If you don’t know the name of Anthony Comstock, two things: 1) brace yourself and 2) count yourself lucky – the man was… something else. Read on, and be enlightened!
Born in 1844, Comstock grew up and went off, as did many million young men of his generation, to fight in the Civil War (he fought on the side of the Union, aka the North, which was the side against slavery, so perhaps his original intentions were good.) How he felt about this bloody conflict is unknown, but his distaste for his fellow soldiers’ bad language is on record – he found his fellow soldiers to be uncivil, and laid objections to their language with his superior officers.
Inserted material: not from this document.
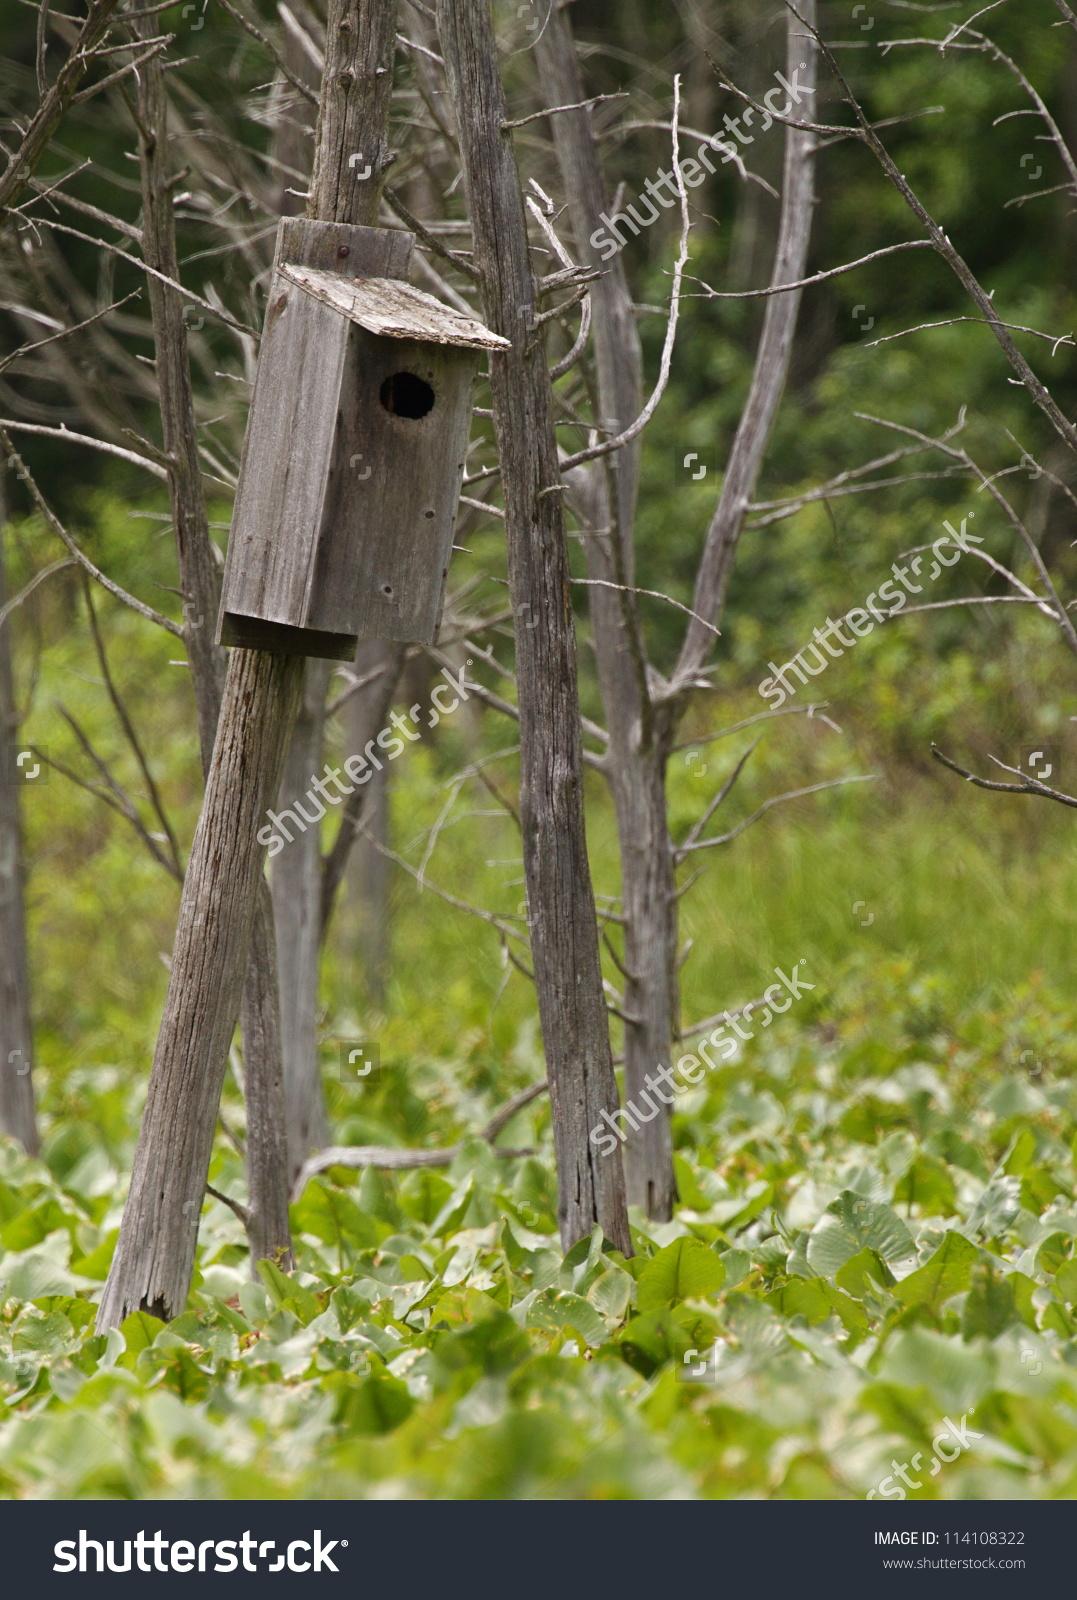 Wood Duck Nest Box Bird House Stock Photo 114108322.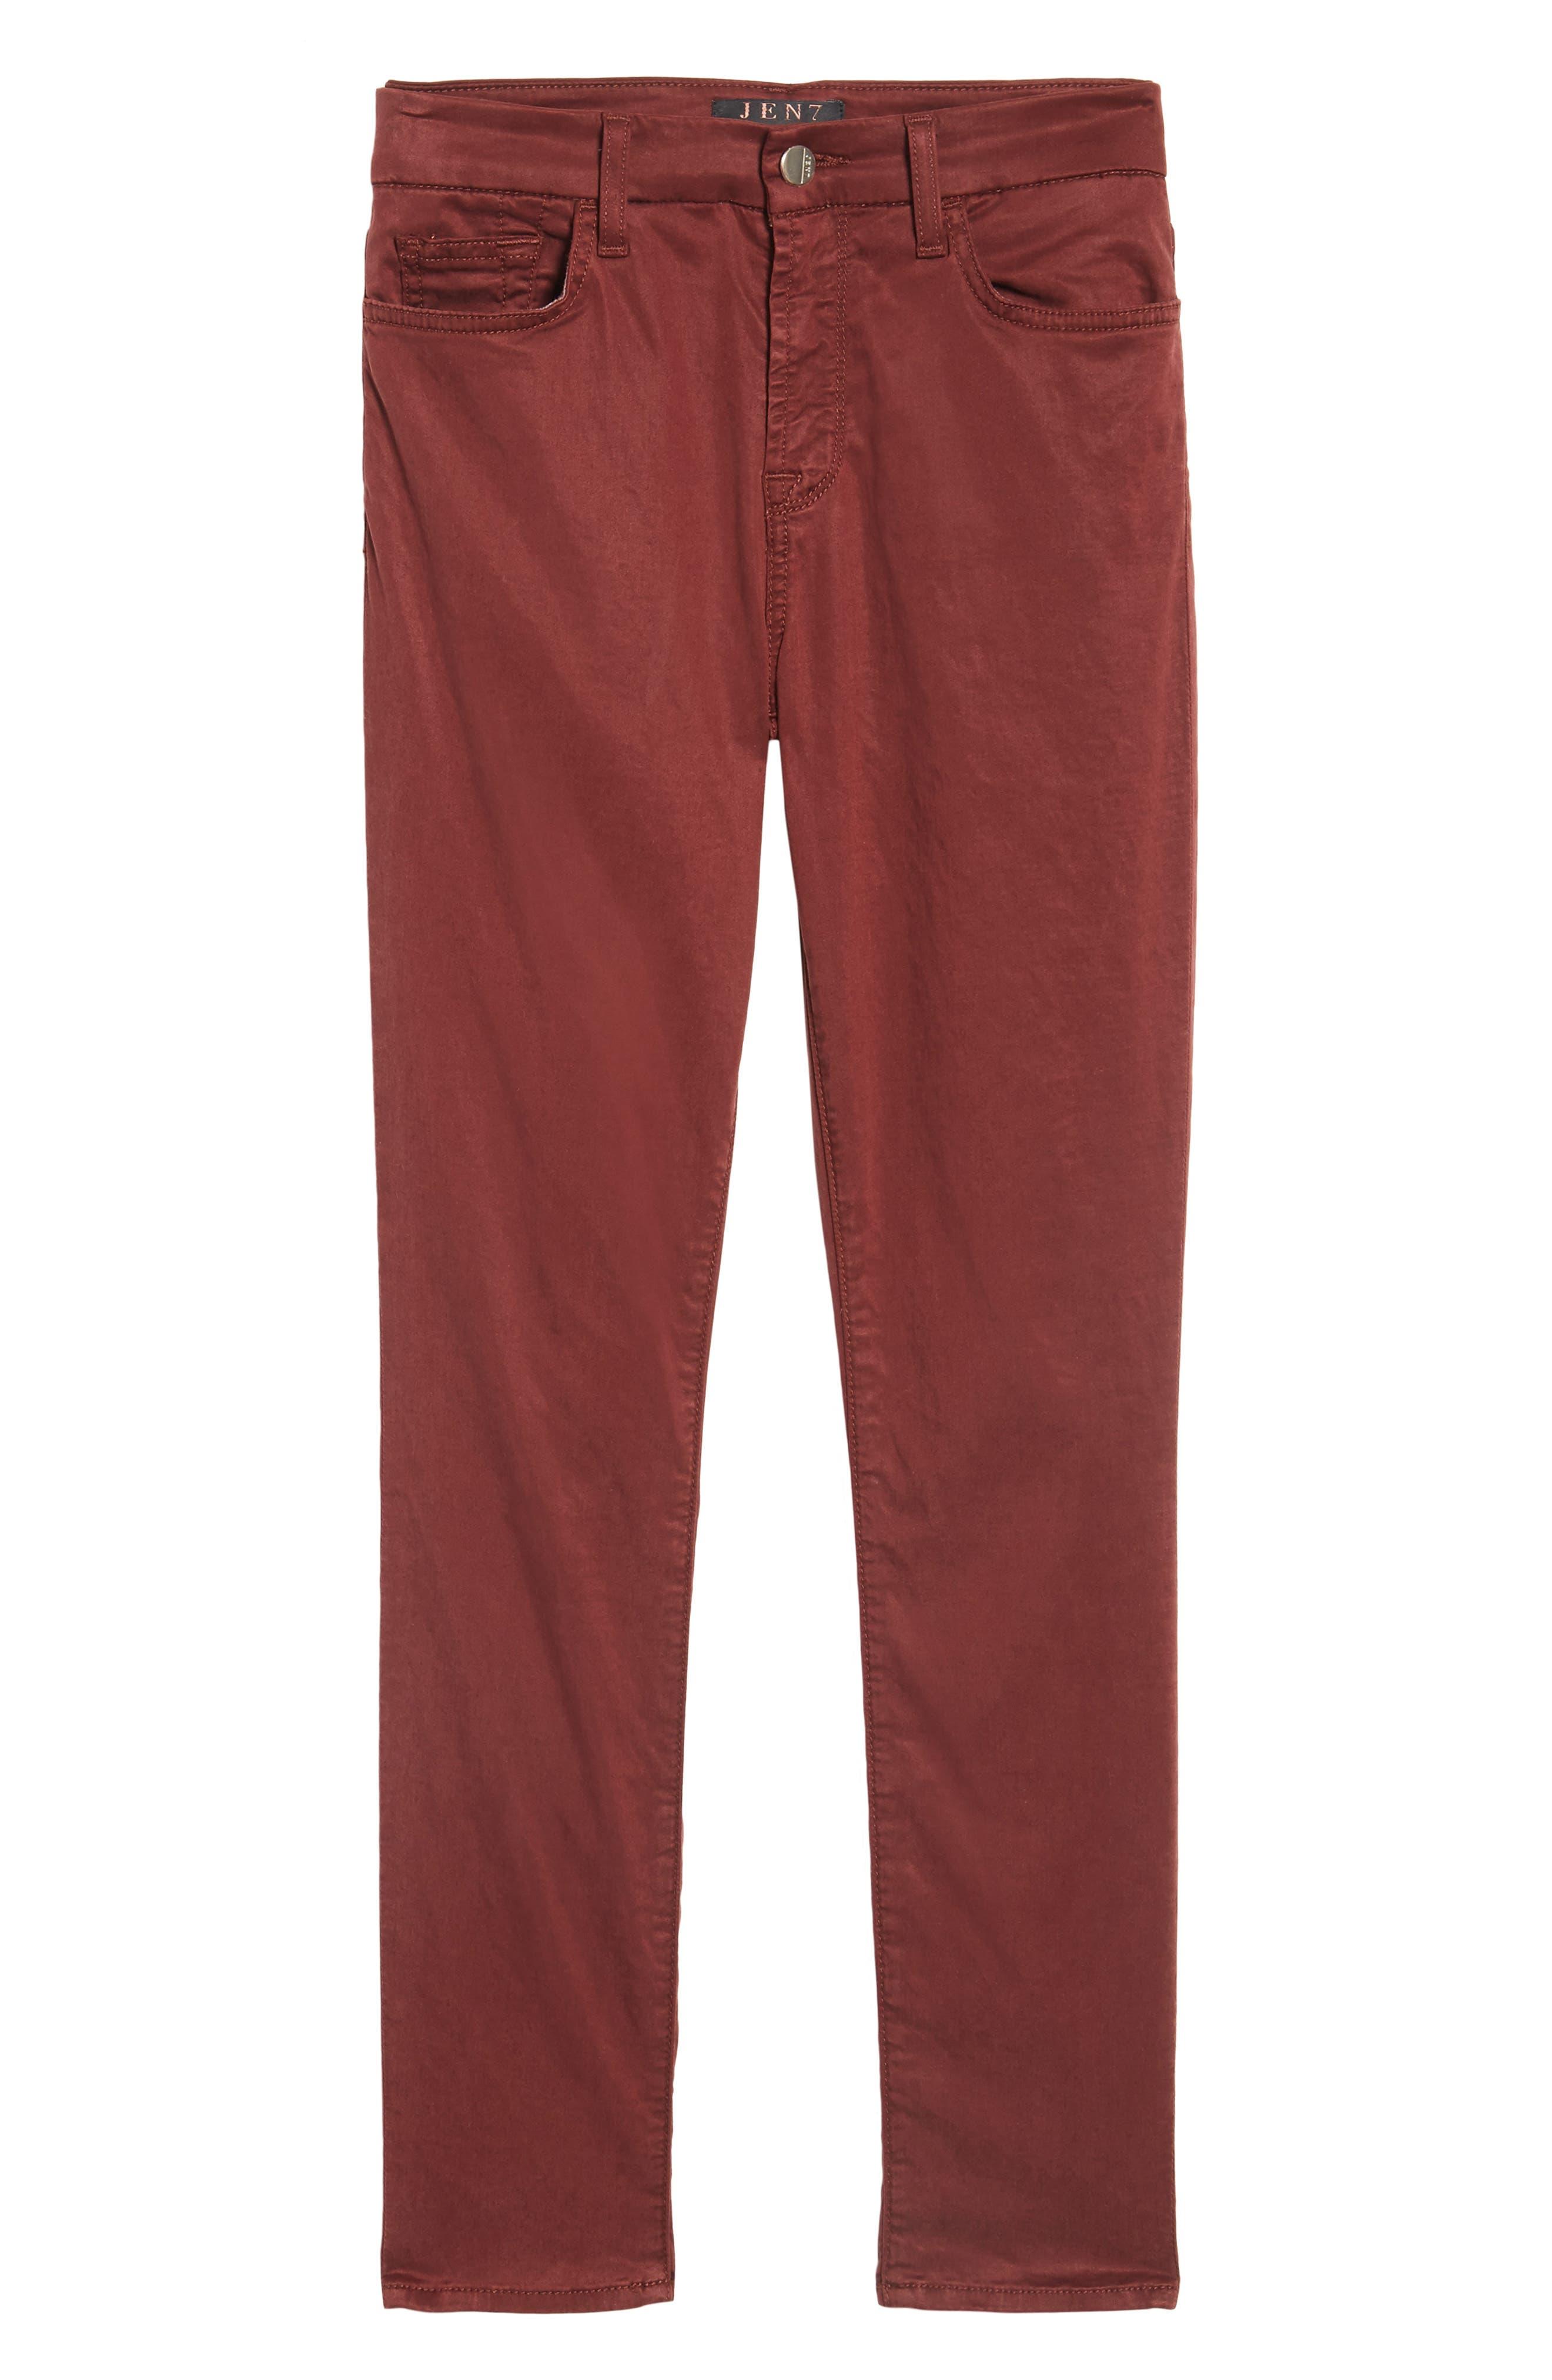 Sateen Skinny Ankle Jeans,                             Alternate thumbnail 6, color,                             201

Surviving the war more or less unscathed, Comstock then went off to work with the YMCA (Young Men’s Christian Association) in NY. In those days, the organisation placed a huge amount of emphasis on the Christian part of their name and weren’t the cool, fun organisation envisioned when the song of the same name plays at the club… While in New York, Comstock founded the New York Society for the Suppression of Vice (not to be confused with the completely different entity named ‘Society for the Suppression of Vice, similar though they may be). This organisation devoted itself to rooting out and eradicating what it called ‘obscenity’ and it did so with enormous success. Comstock forged connections that saw the enactment of the ‘Comstock Law’ which prevented the sending of ‘obscene’ material by postal service.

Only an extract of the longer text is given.